Де Роган никак не мог успокоиться. Он уже не в том возрасте, чтобы хладнокровно переживать весь этот ужас. Будь он лет на двадцать моложе, королеве не пришлось бы жаловаться на него!
С каким упоением делился он воспоминаниями о прошлом со своим верным другом Жанной! Она, конечно, передаст королеве только те слова, которые помогут отстоять его перед королевой, она же такая умница. Она, и только одна она понимает его сердце.
А тем временем Жанна продолжала упаковывать вещи...
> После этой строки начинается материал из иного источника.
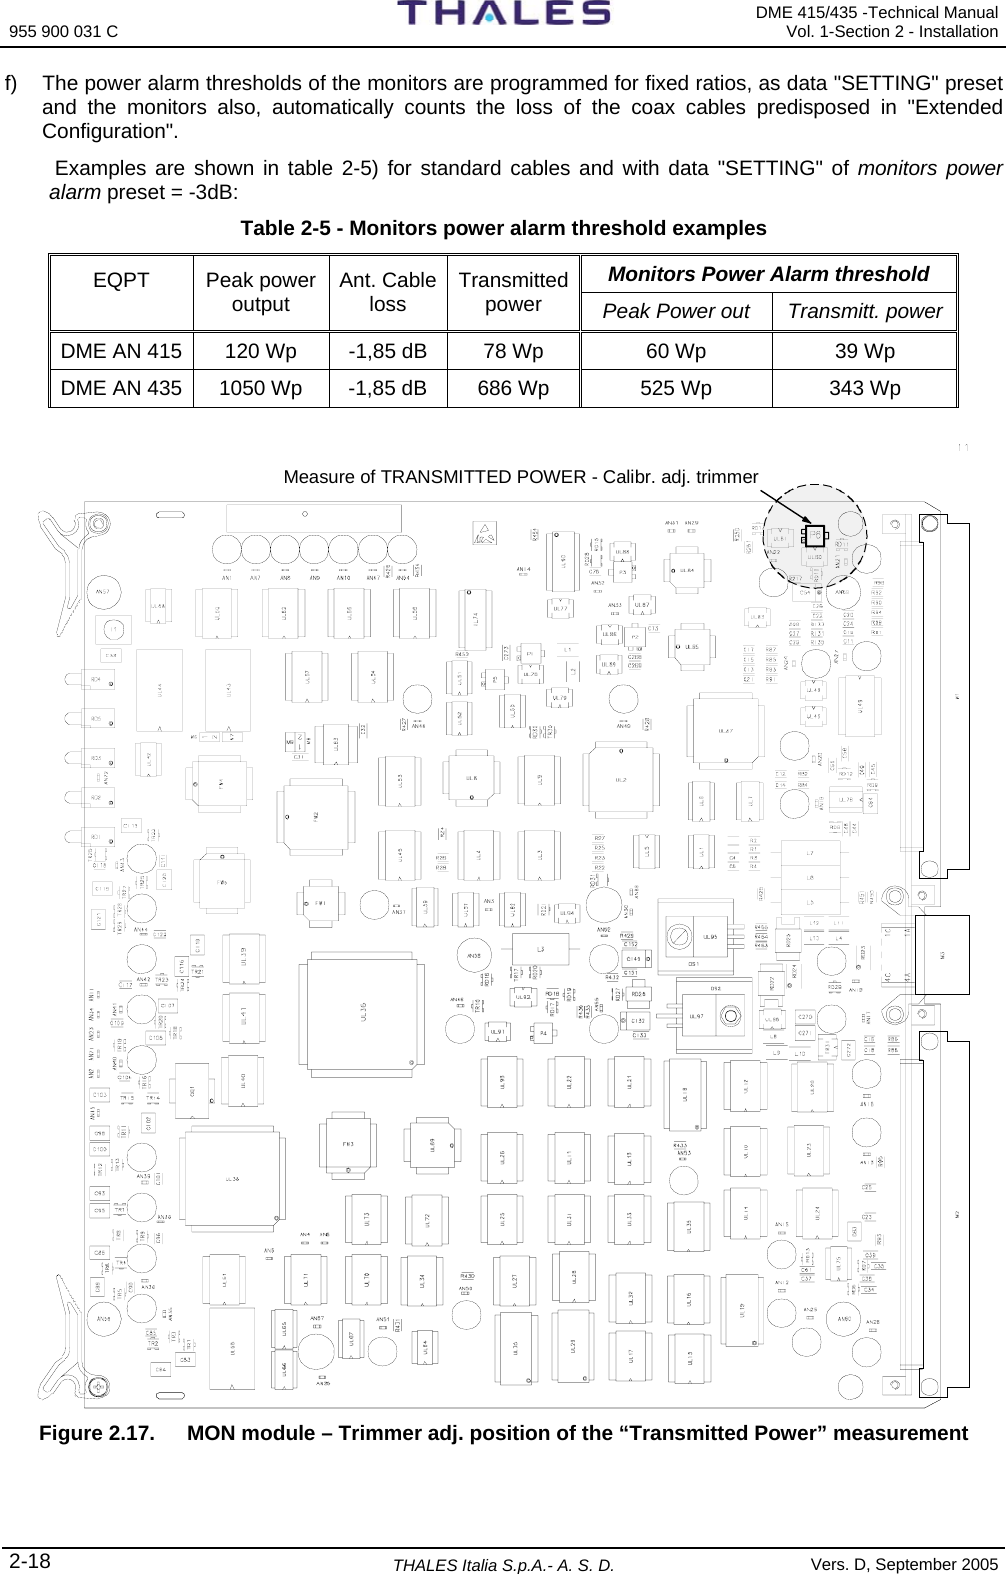 955 900 031 C   DME 415/435 -Technical Manual Vol. 1-Section 2 - Installation 2-18 THALES Italia S.p.A.- A. S. D. Vers. D, September 2005 f)  The power alarm thresholds of the monitors are programmed for fixed ratios, as data &quot;SETTING&quot; preset and the monitors also, automatically counts the loss of the coax cables predisposed in &quot;Extended Configuration&quot;.  Examples are shown in table 2-5) for standard cables and with data &quot;SETTING&quot; of monitors power alarm preset = -3dB: Table 2-5 - Monitors power alarm threshold examples Monitors Power Alarm threshold EQPT Peak power output  Ant. Cable loss  Transmitted power  Peak Power out  Transmitt. power DME AN 415  120 Wp  -1,85 dB  78 Wp  60 Wp  39 Wp DME AN 435  1050 Wp  -1,85 dB  686 Wp  525 Wp  343 Wp  Measure of TRANSMITTED POWER - Calibr. adj. trimmer Figure 2.17.   MON module – Trimmer adj. position of the “Transmitted Power” measurement   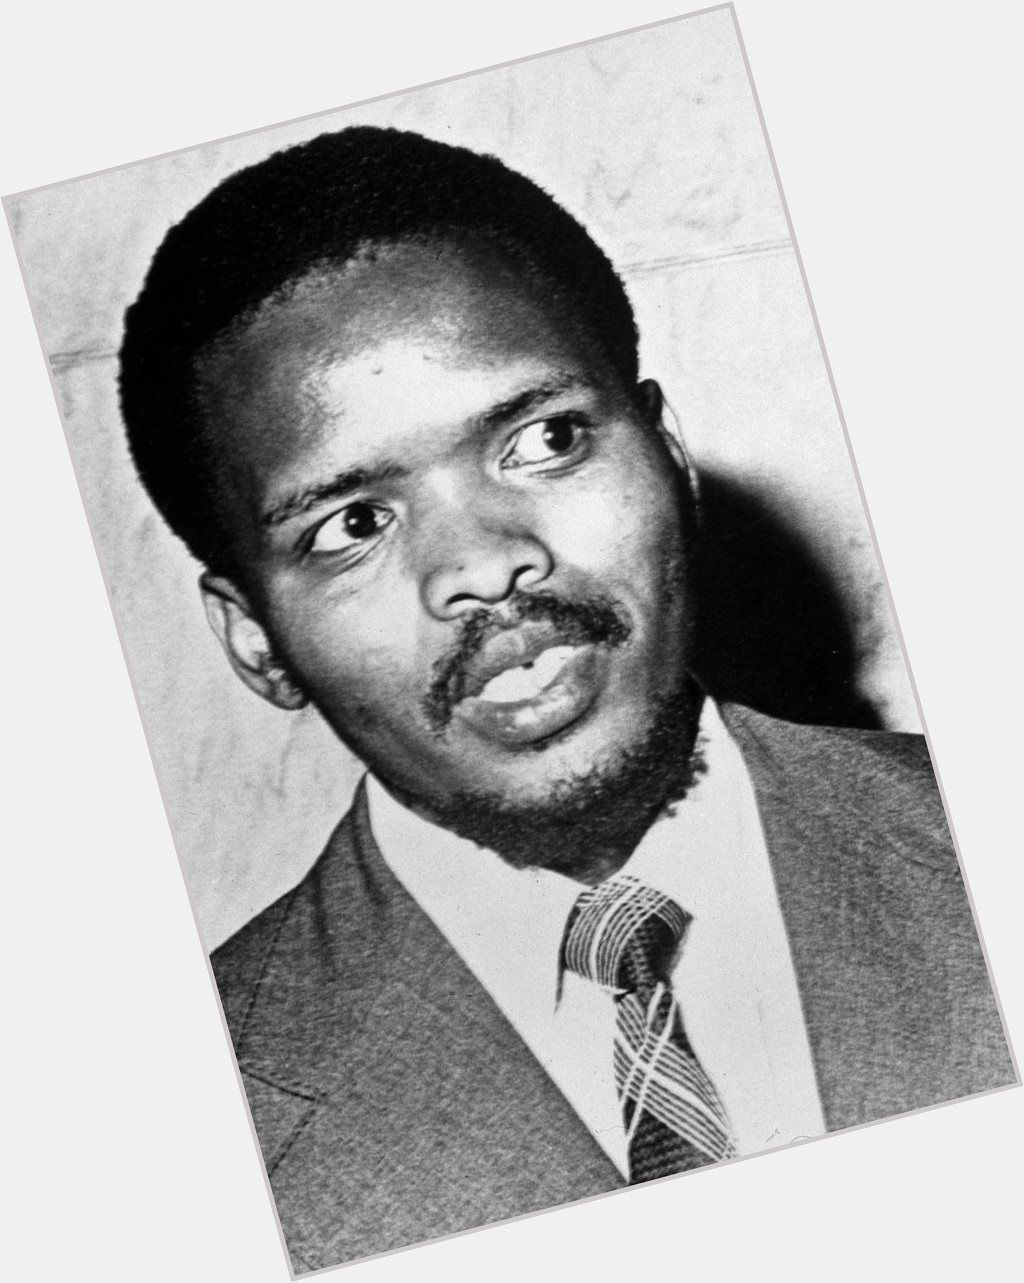 A happy birthday to the one and only Bantu Steve Biko.

В Версальском дворце дни тянулись унылой чередой, становилось холоднее и темнее, приближалась безрадостная зима. Обычное веселье и придворные пышные празднества шли на убыль. Клеветники не унимались, королева теперь боялась сделать шаг, чтобы не дай бог кто-нибудь превратно его не истолковал. Она всё чаще замечала, что её покидают многие «друзья», умевшие дружить лишь в яркую, солнечную погоду. Могущественный клан де Полиньяков уже не оказывал прежнего внимания королеве, и тёплая дружба с герцогиней Иоландой де Полиньяк, о которой ходило столько невероятных небылиц, остывала с каждым днём. В этом, конечно, вина не её, Марии Антуанетты. Она всегда держалась за тех немногих верных друзей в своём окружении, которых на самом деле любила и уважала. Сколько она сделала для герцогини! Это она назначила её гувернанткой «детей Франции», осыпала её мужа и родственников милостями и в ответ просила только одного — верности, больше ничего. Она не могла поверить, что времена, как и сердца людей, меняются. Это просто невероятно!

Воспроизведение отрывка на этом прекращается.